Kapanen will likely return to right wing and slot in with Alexander Kerfoot and Ilya Mikheyev when Hyman is ready to return from injury, and the high-powered Leafs will be even more optimized then.
But if the Tavares line continues to plod along at evens, perhaps that scheduled demotion arrives sooner.
Third Point: Special teams look strong
With two new assistant coaches in Paul McFarland and Dave Hakstol organizing the power play and penalty kill, respectively, Toronto’s special teams represented one of the main storylines entering the season. After taking some steps forward in both situations as the Maple Leafs settled in and pulled ahead in their opening-night victory over the Ottawa Senators, more encouraging signs with the specialty teams emerged in Friday’s win in Columbus.

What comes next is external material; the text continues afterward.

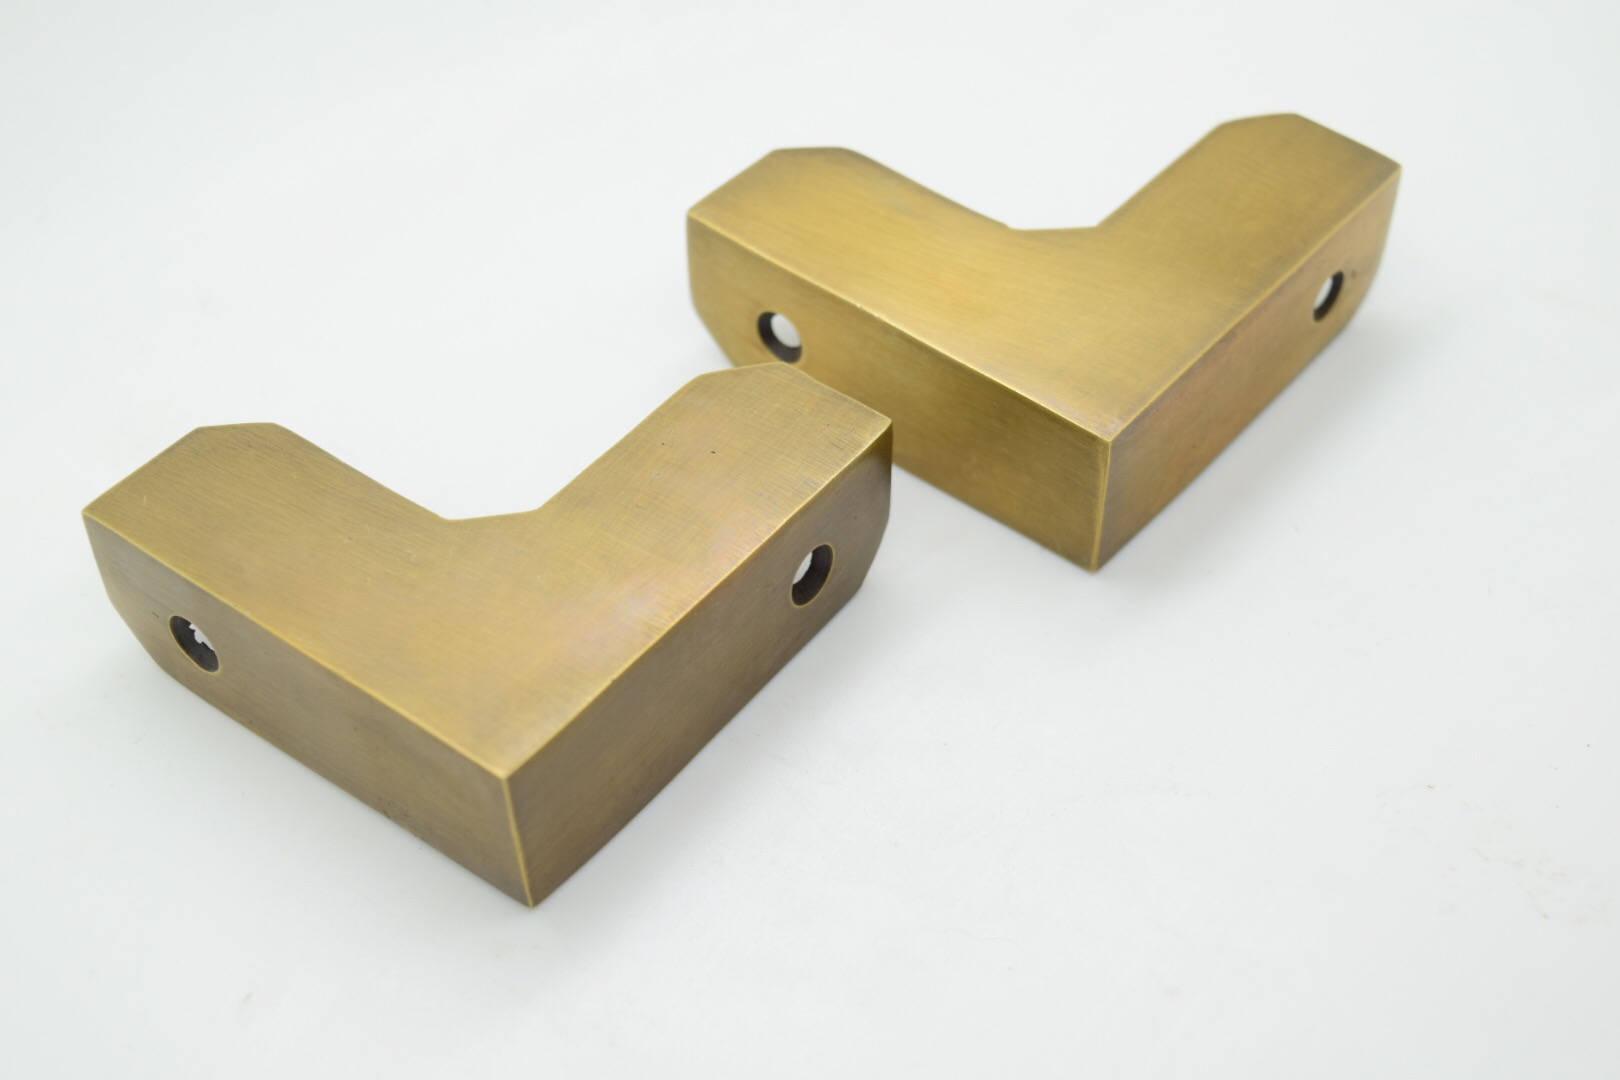 Messing Kanten Ecken. Messing-Hardware. Küche Griffe. Knäufe. | Etsy

Toronto scored twice in five opportunities versus the Jackets, its second on Matthews’ aforementioned snipe. But as Matthews has benefitted from switching sides, it’s now paid quick dividends for Marner as well.
Now also working from his opposite wing, Marner scored seven seconds into the Leafs’ first try with the man advantage — using a quick exchange with the bumper on the first power play, John Tavares, to open up Blue Jackets netminder Joonas Korpisalo for his first of the season.
MITCH MARNER! His first of the season. 1-0 pic.twitter.com/2Si124aI7q— Flintor (@TheFlintor) October 4, 2019
Frederik Andersen’s foolish decision to reach out and attempt to pull the puck in with the tip of his blade meant that it wasn’t to be a perfect night for the Maple Leafs’ penalty killers, but Cam Atkinson’s opportunistic goal was all the damage Columbus could muster in five attempts.
While it’s far too early to label the Maple Leafs penalty kill improved on a unit that finished 17th last season under new Senators coach D.J. Smith, the strategy seems to be to up the aggression, and so far the opposition has struggled to organize their attacks.